UNITED STATES SECURITIES AND EXCHANGE COMMISSION
WASHINGTON, D.C. 20549

FORM 8-K
CURRENT REPORT
Pursuant to Section 13 or 15(d) of the Securities Exchange Act of 1934

February 13, 2020
(Date of Report/Date of earliest event reported)

SENSIENT TECHNOLOGIES CORPORATION
(Exact name of registrant as specified in its charter)

WISCONSIN
001-7626
39-0561070
(State or other jurisdiction of incorporation)
(Commission File Number)
(IRS Employer Identification No.)

777 East Wisconsin Avenue
Milwaukee, Wisconsin 53202-5304
(Address and zip code of principal executive offices)

(414) 271-6755
(Registrant’s telephone number, including area code)

N/A
(Former name or former address, if changed since last report)

Check the appropriate box below if the Form 8-K filing is intended to simultaneously satisfy the filing obligation of the registrant under any of the following provisions:


Written communications pursuant to Rule 425 under the Securities Act (17 CFR 230.425)

Soliciting material pursuant to Rule 14a-12 under the Exchange Act (17 CFR 240.14a-12)

Pre-commencement communications pursuant to Rule 14d-2(b) under the Exchange Act (17 CFR 240.14d-2(b))

Pre-commencement communications pursuant to Rule 13e-4(c) under the Exchange Act (17 CFR 240.13e-4(c))

Securities registered pursuant to Section 12(b) of the Act:

Title of each class
Trading Symbol(s)
Name of each exchange on which registered
Common stock, par value $0.10 per share
SXT
New York Stock Exchange

Indicate by check mark whether the registrant is an emerging growth company as defined in Rule 405 of the Securities Act of 1933 (§230.405 of this chapter) or Rule 12b-2 of the Securities Exchange Act of 1934 (§240.12b-2 of this chapter).

Emerging growth company ☐

If an emerging growth company, indicate by check mark if the registrant has elected not to use the extended transition period for complying with any new or revised financial accounting standards provided pursuant to Section 13(a) of the Exchange Act. ☐



ITEM 1.01
ENTRY INTO A MATERIAL DEFINITIVE AGREEMENT.
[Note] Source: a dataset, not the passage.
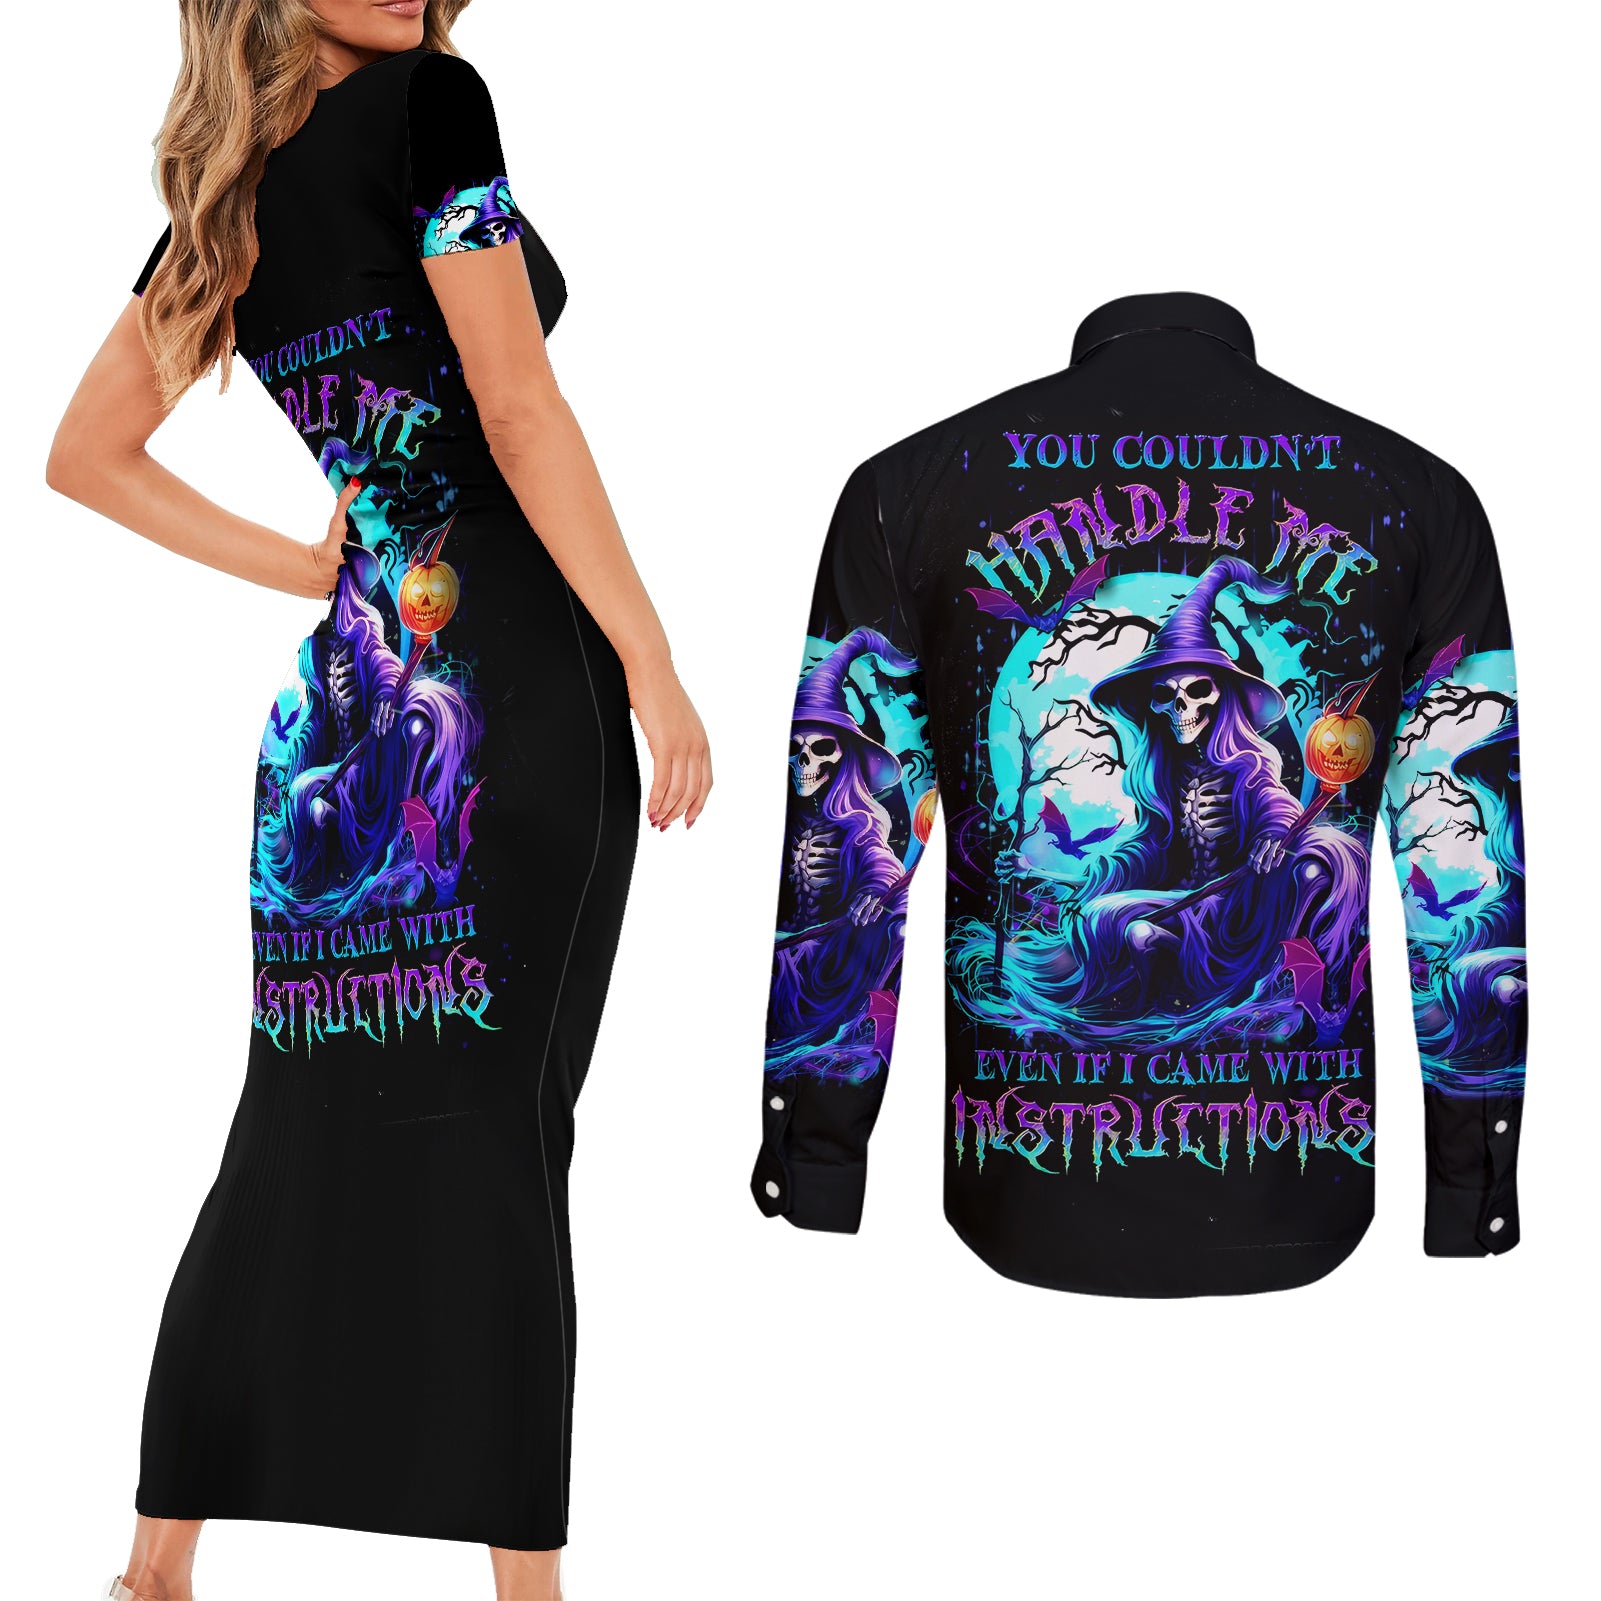 witch-skull-couples-matching-short-sleeve-bodycon-dress-and-long-sleeve-button-shirts-you-couldnt-handle-me-even-with-intrustions

On February 13, 2020, Sensient Technologies Corporation (“Sensient” or the “Company”) entered into an Executive Employment Contract (the “Employment Agreement”) with Mr. Paul Manning, pursuant to which Mr. Manning will continue to serve as the Company’s Chairman, President and Chief Executive Officer. The Employment Agreement was prepared by outside counsel and reviewed and approved by the Compensation and Development Committee of the Board of Directors (“Compensation Committee”), which consists solely of independent directors.
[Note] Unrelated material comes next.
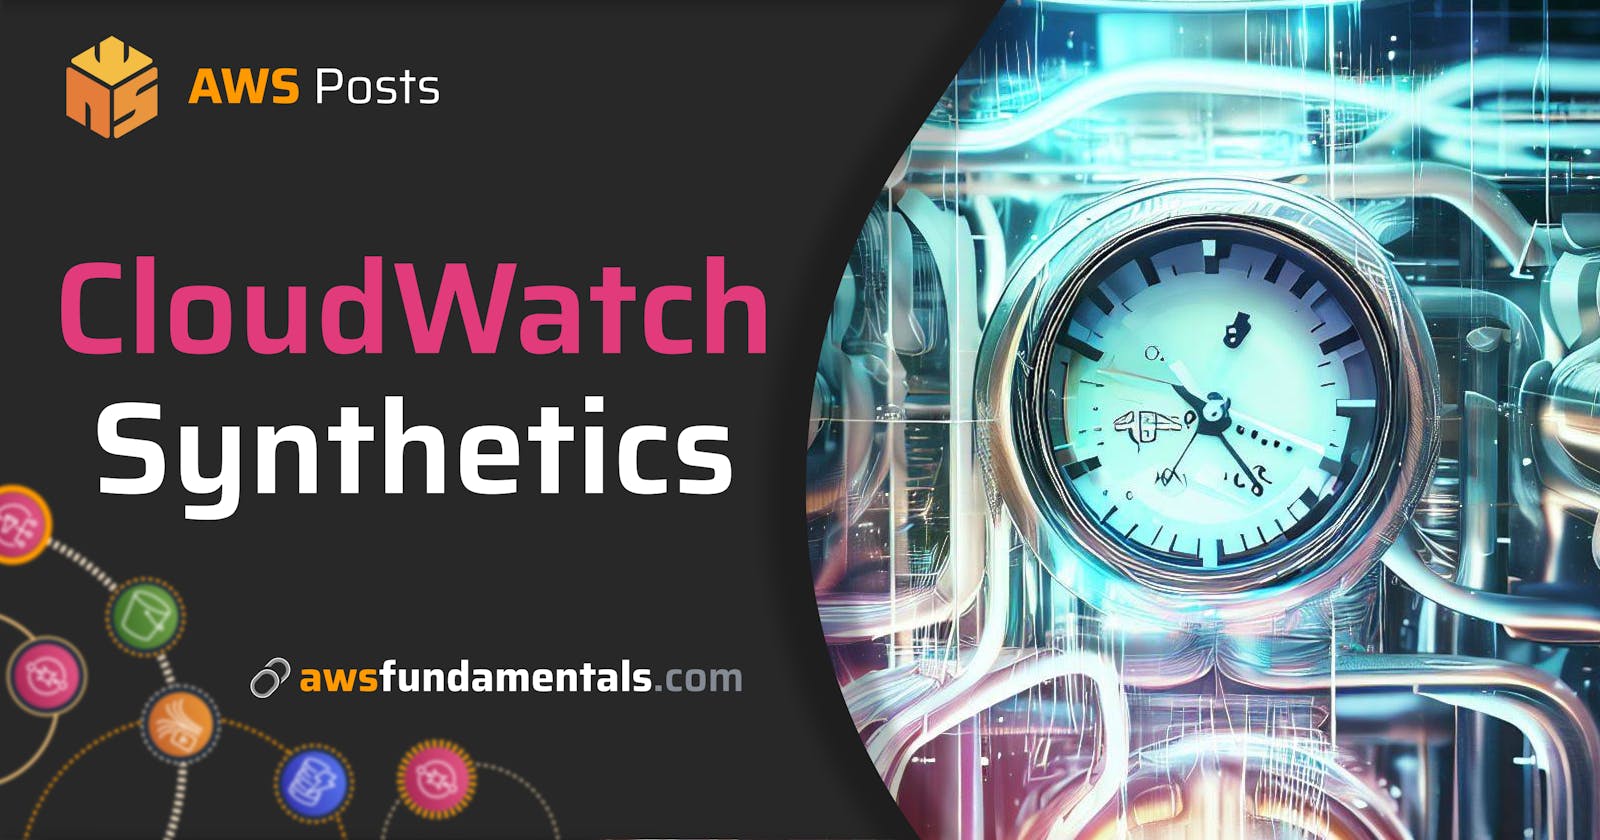 Use CloudWatch Synthetics to Monitor Your Web Application

The initial term of the Employment Agreement is for a period of three years, commencing on February 13, 2020 (the “Term”), and shall automatically extend for additional one year periods unless either party provides the other party with at least 12 months advance written notice that no such extension shall occur. The Employment Agreement may be terminated with or without cause, by the Company or by Mr. Manning, subject to the rights and obligations contained therein. During the Term, Mr. Manning will receive an initial annual base salary of $945,000 and such salary shall be reviewed annually by the Compensation Committee based on Mr. Manning’s performance and the Company’s compensation policies. In addition, Mr. Manning will be eligible for an annual incentive bonus, payable in cash and/or equity, based on criteria determined by the Compensation Committee and shall receive benefits consistent with those received by other executive officers of the Company.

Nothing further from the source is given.